Quanto aos autores brasileiros… Bem, quanto aos autores brasileiros, Idéias, num ataque de generosidade, publicou três resenhas sobre Carta aos loucos, de Carlos Nejar, Cartas a uma jovem mãe, de Marion Penna, e Variações Goldman, de Bernardo Ajzenberg. Prosa & Verso deu colher de chá a dois poetas: Leonardo Fróes e Renato Rezende. E o Estadão publicou nota sobre Luís Fernando Verissimo e entrevista de Zulmira Ribeiro Tavares.

No dia 13 de fevereiro, Prosa & Verso deu capa e segunda página inteira sobre a biografia de Braudel, escrita por Pierre Daix e traduzida pela Record. A página 3 foi ocupada por matéria de Graça Magalhães sobre a violoncelista Anita Lasker, que conseguiu sair viva de Auschwitz porque tocava na orquestra de moças criada pelos seus carrascos. A última coluna trouxe resenha sobre Introdução a escombros, de Moacir Félix. A página 4, com exceção da coluna de Wilson Martins, que graças a Deus só fala sobre literatura brasileira, é dedicada aos contos de Ted Hughes (Dificuldades de um noivo) e ao ensaio Alucinando Foucault, de Patricia Dunker, traduzido pela Editora 34. Na página 5, além da relação dos mais vendidos e da seção Meu clássico, aparecem os Lançamentos, com notas sobre quatro livros traduzidos e um brasileiro. A contracapa inteira é sobre História de Florença, de Maquiavel, traduzida pela Musa Editora.

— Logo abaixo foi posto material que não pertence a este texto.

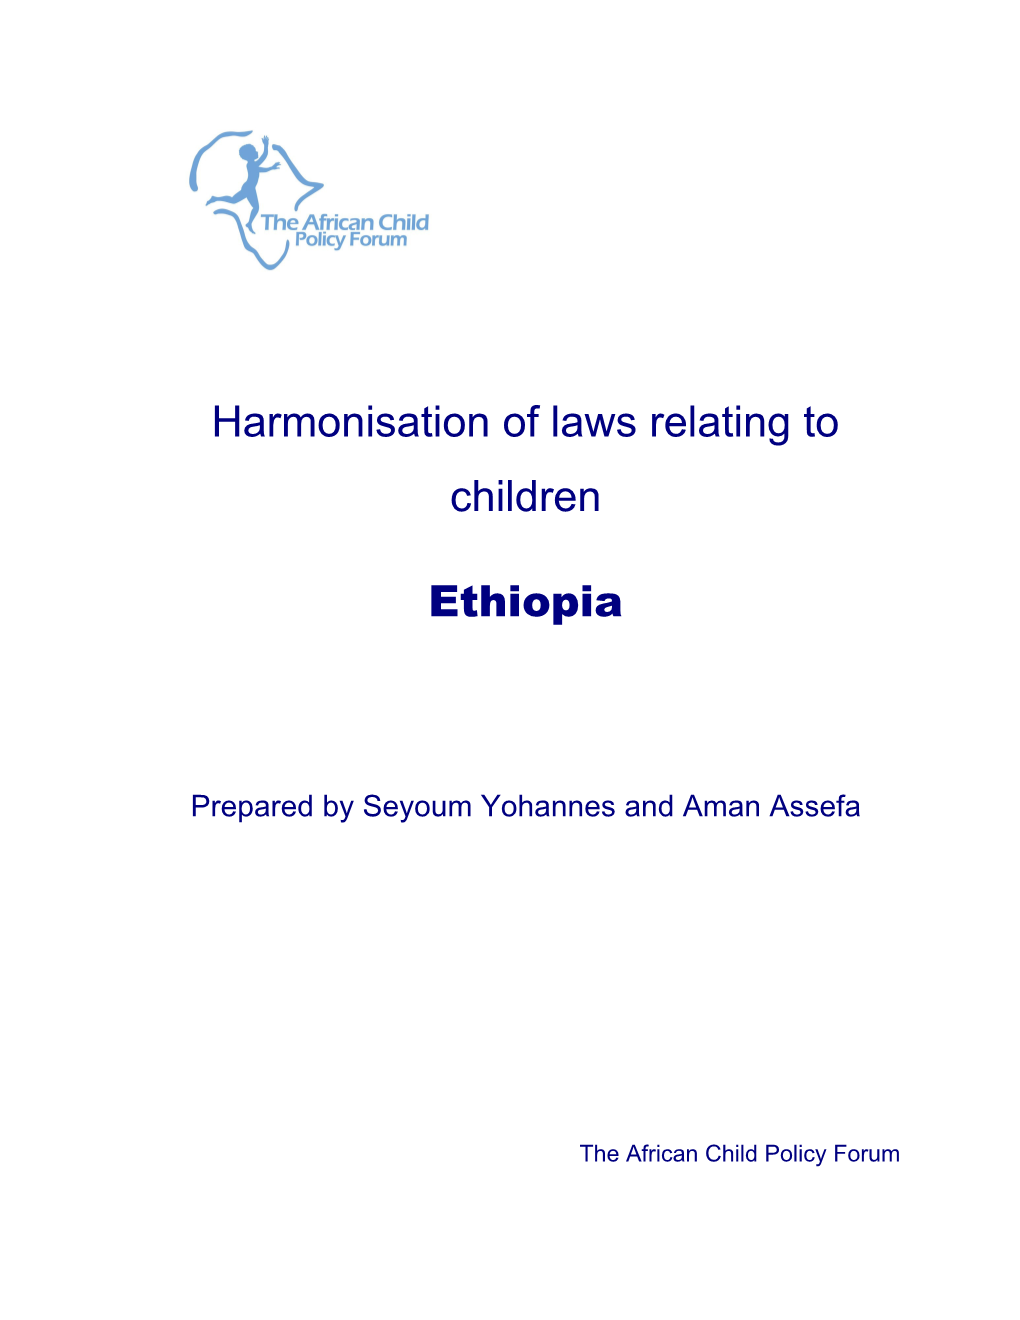 Brief Survey of Ethiopian Laws in Light of the UN Convention on the Rights of the Child

Idéias, da mesma data, dá na capa e na segunda página – onde aparecem a relação dos mais vendidos e uma resenha sobre os contos de Fernando Pessoa Ferreira – matéria sobre o romance Swann, de Carol Schields, traduzido pela Record. Na página 3, nos Lançamentos, três notas sobre livros estrangeiros e um brasileiro, além de resenha do livro Idéias fixas de João Cabral de Melo Neto. Toda a página 4 é ocupada por um texto de Júlio Bressane sobre Deleuze. Na página 5, além da coluna de Silviano Santiago, uma resenha grande, com foto do autor, sobre a tradução de O intocável, de John Banville. Na contracapa, entrevista de Nízia Villaça e notícia longa sobre autobiografia de Ernesto Sábato, publicada na Espanha.

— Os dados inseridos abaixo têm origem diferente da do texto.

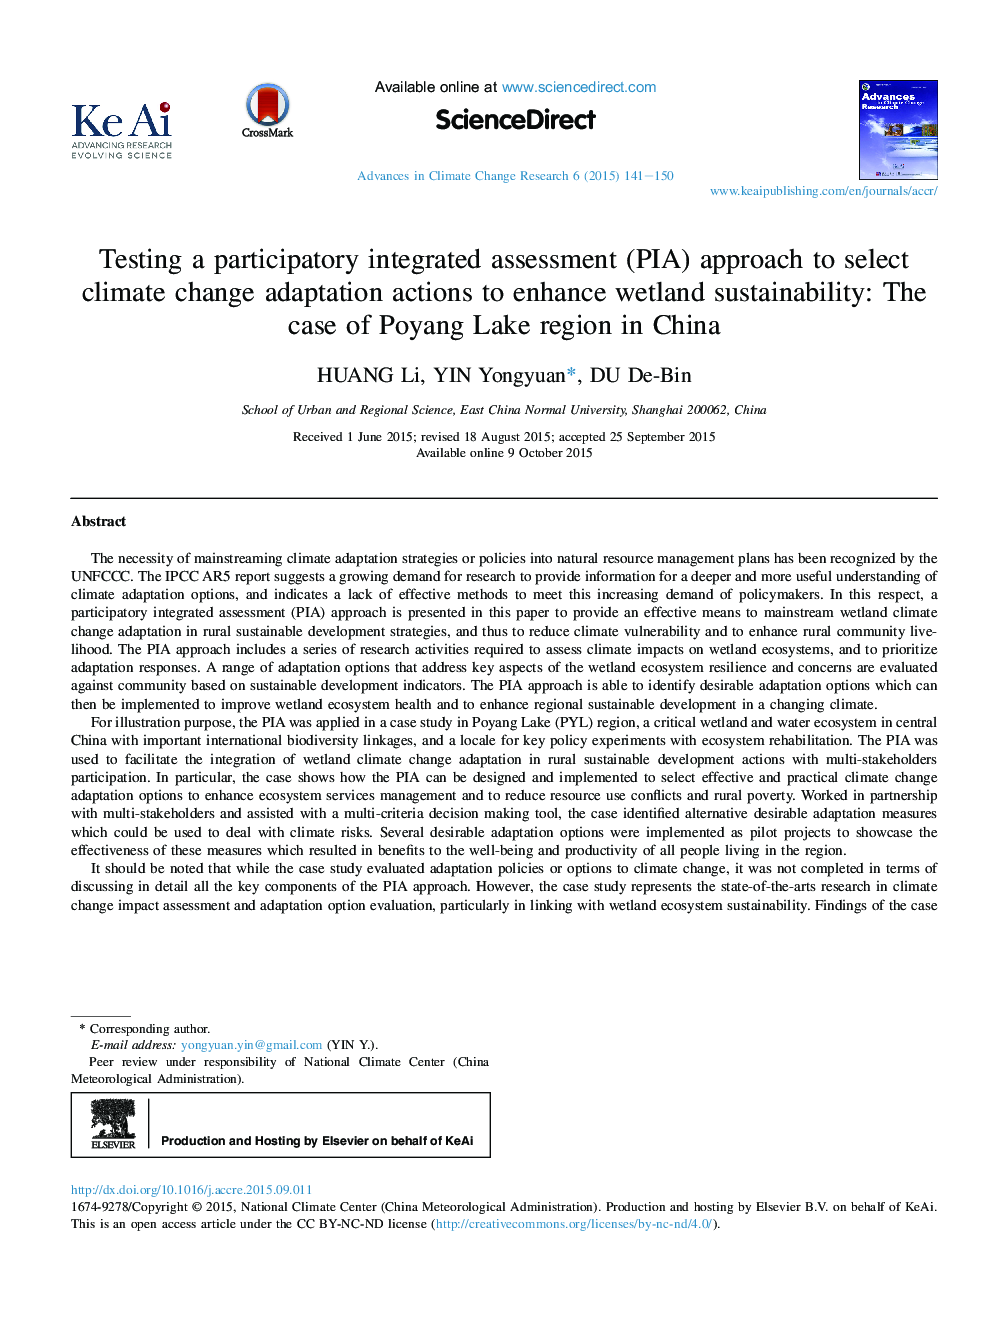 Testing a participatory integrated assessment (PIA) approach to select climate change adaptation actions to enhance wetland sustainability: The case of Poyang Lake region in China

O Estadão dedica a capa e as páginas 4 e 5 do seu Cultura ao Livro Negro do Comunismo, publicado na França e a ser lançado no Brasil no segundo semestre. As páginas 6 e 7 têm Spielberg como tema. Na página 3 aparecem entrevistas de Carlos Bratke, sobre a Bienal de São Paulo, e Sérgio Cabral, sobre música popular brasileira. A página 8 é sobre Chiquinha Gonzaga. E a contracapa divulga um livro sobre os bares de São Paulo.